## Directions for this task
Reproduce the listing below exactly, except for its pictures.

## Provided data
===

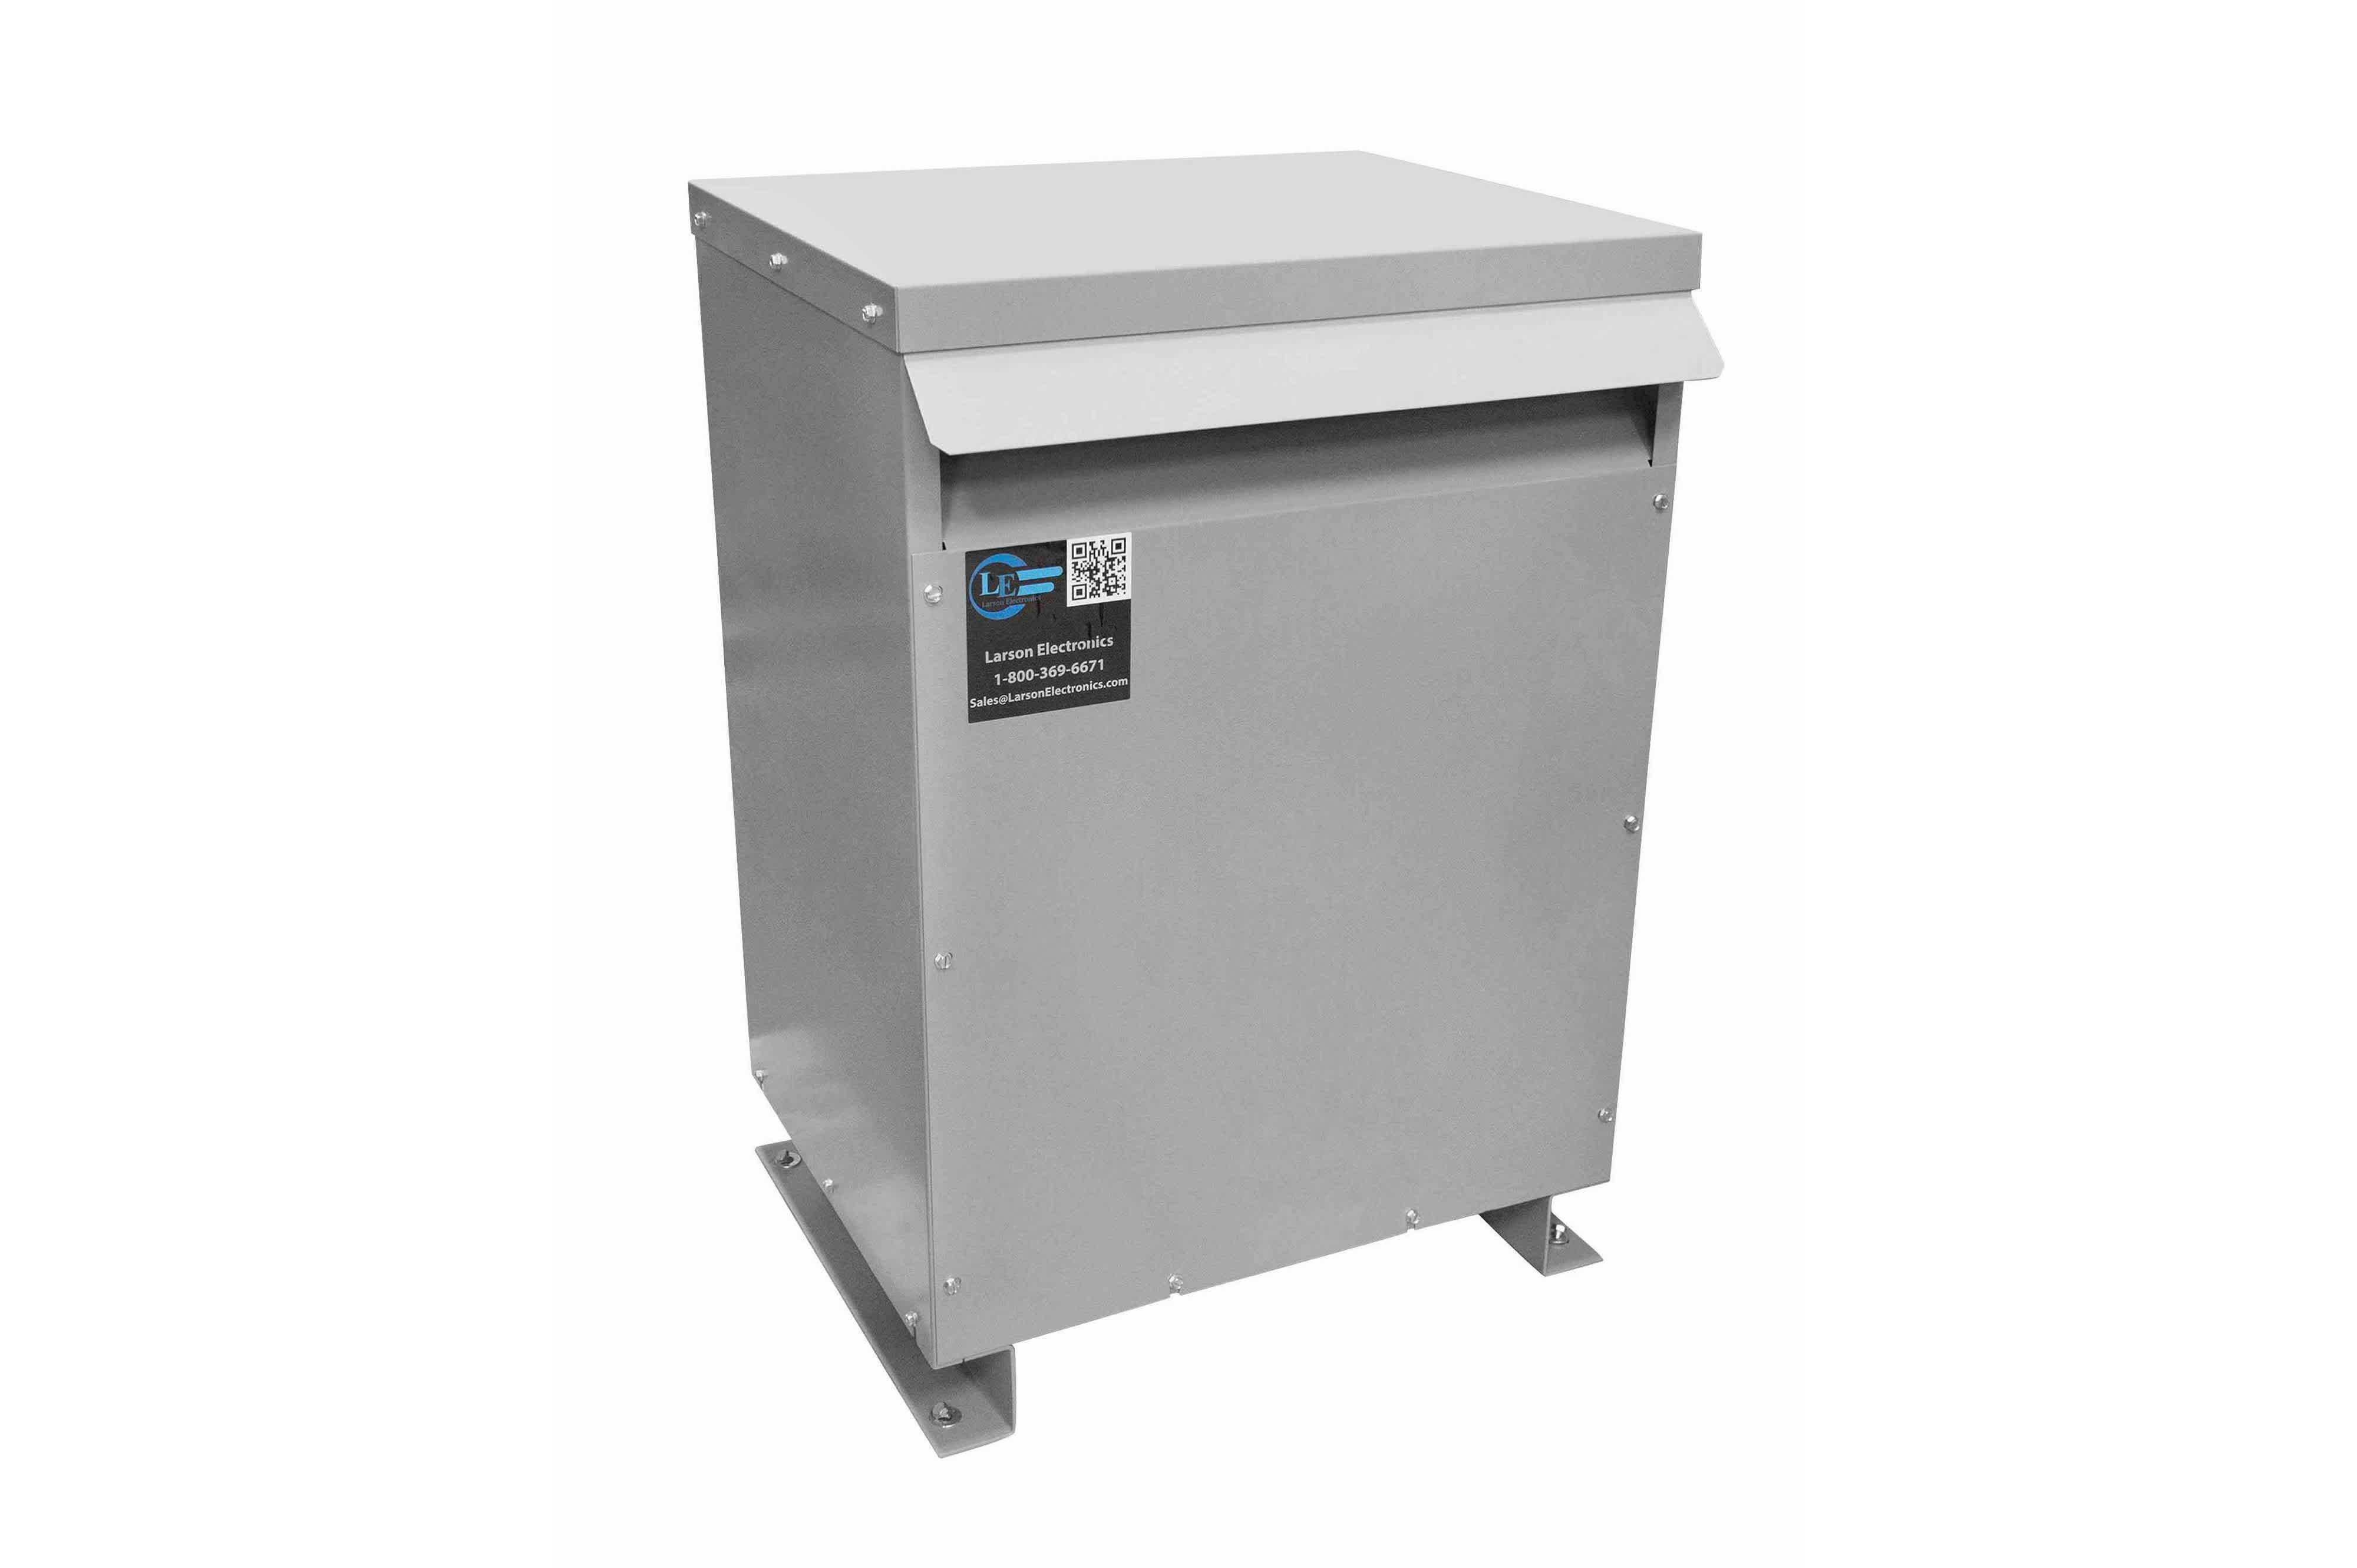 167 kVA 3PH Isolation Transformer, 575V Wye Primary, 208Y/120 Wye-N Secondary, N3R, Ventilated, 60 Hz
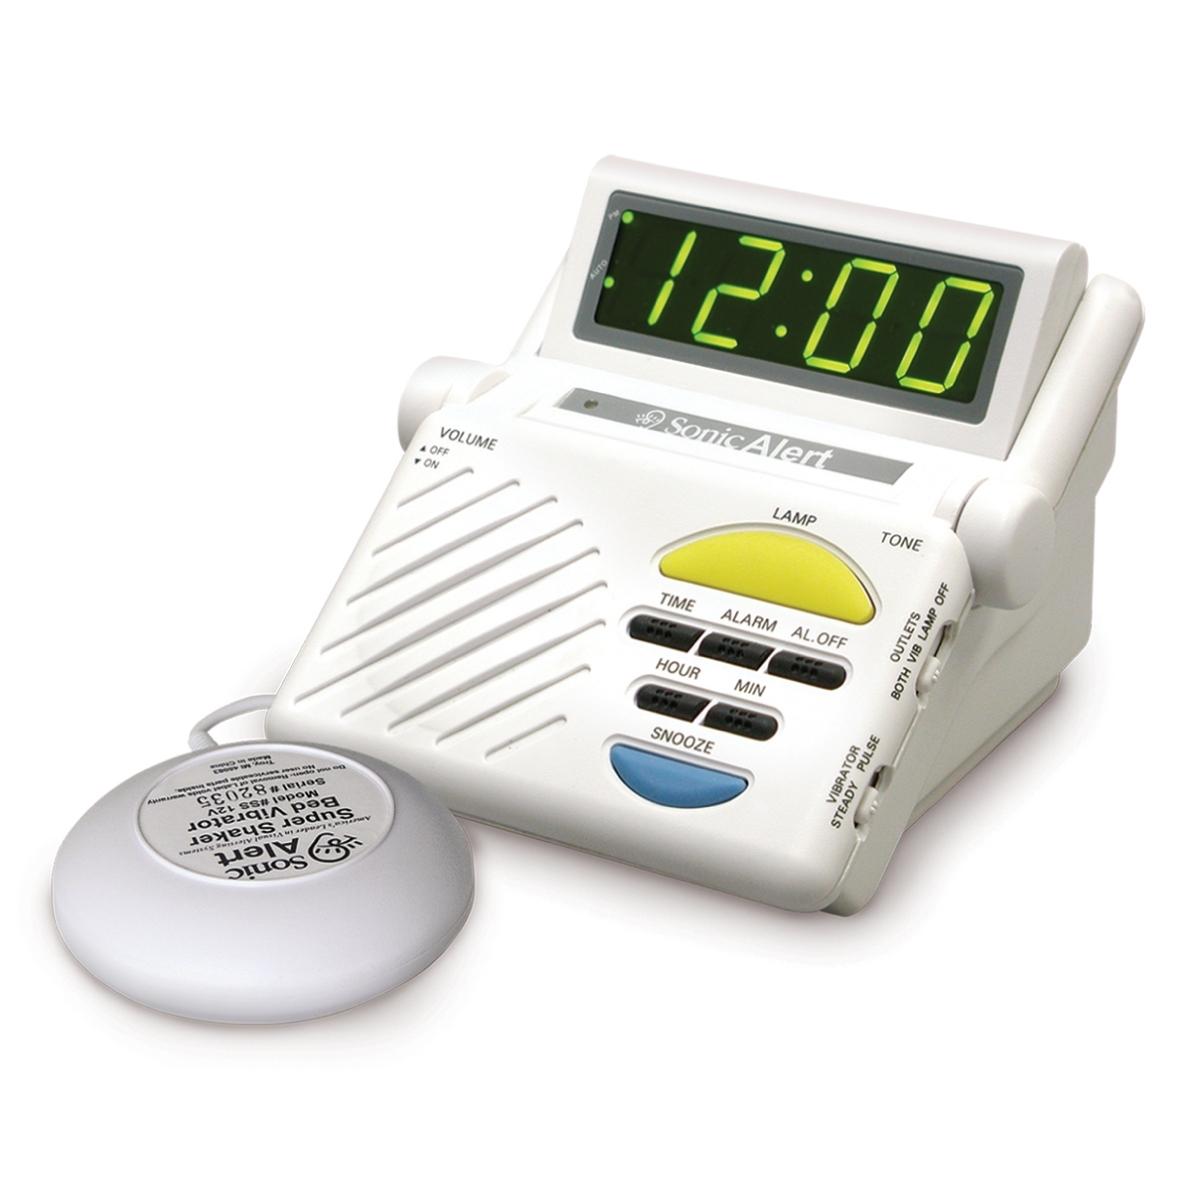 Sonic Boom Alarm Clock w/ Built in Receiver
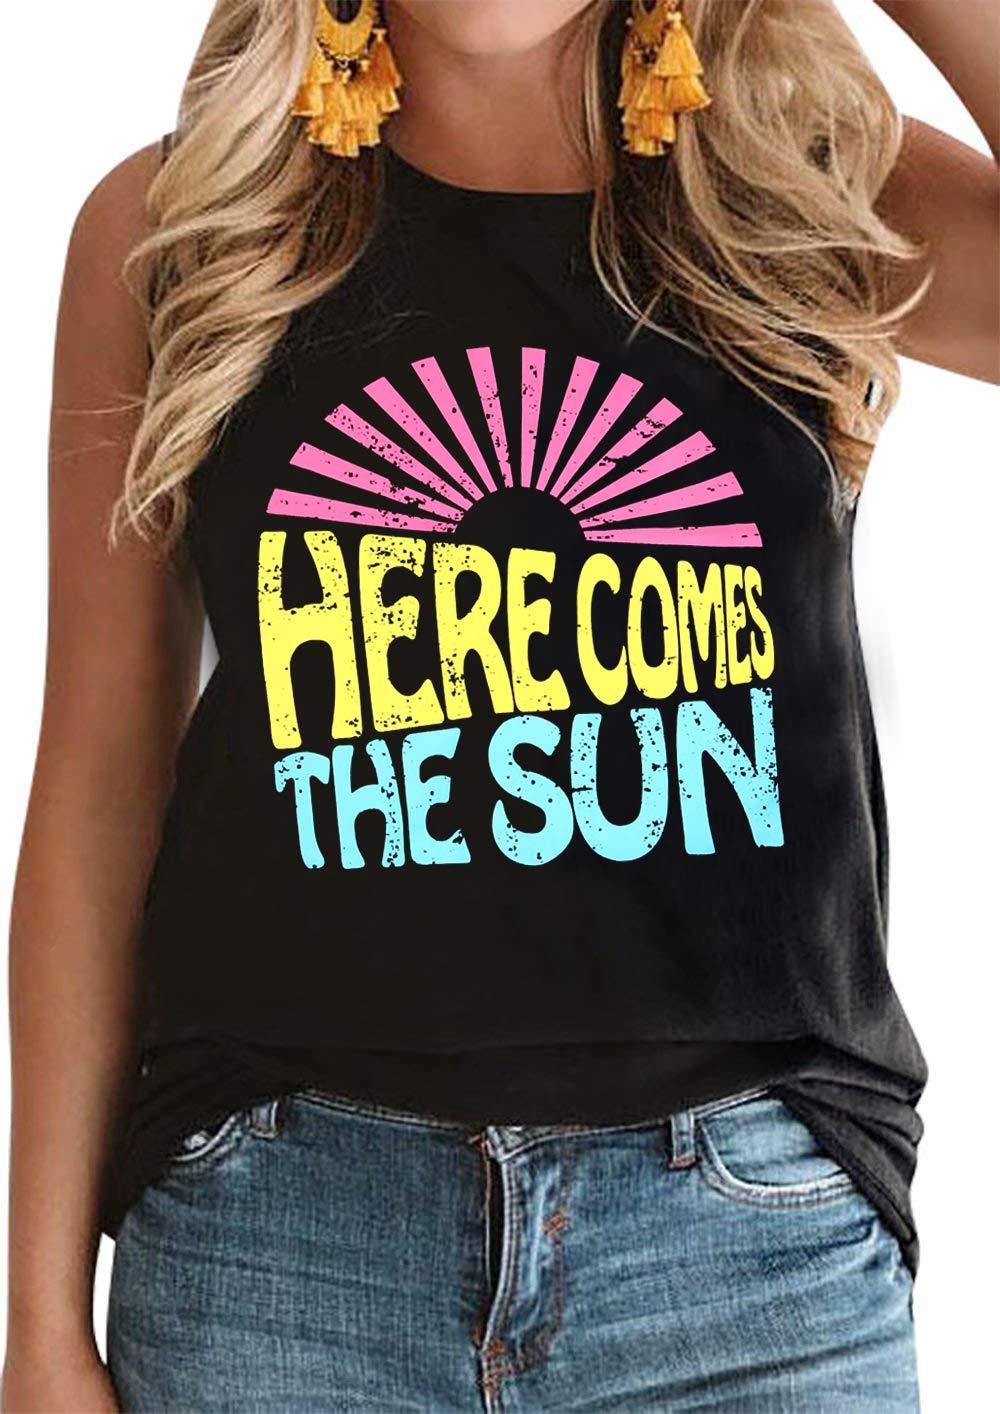 DUTUT Here Comes The Sun Tank Top Women Funny Sun Graphic Tops Beach Vacation Sleeveless Shirt Summer Beach Casual Tanks

===

## Answer
 167 kVA 3PH Isolation Transformer, 575V Wye Primary, 208Y/120 Wye-N Secondary, N3R, Ventilated, 60 Hz
 Sonic Boom Alarm Clock w/ Built in Receiver
 DUTUT Here Comes The Sun Tank Top Women Funny Sun Graphic Tops Beach Vacation Sleeveless Shirt Summer Beach Casual Tanks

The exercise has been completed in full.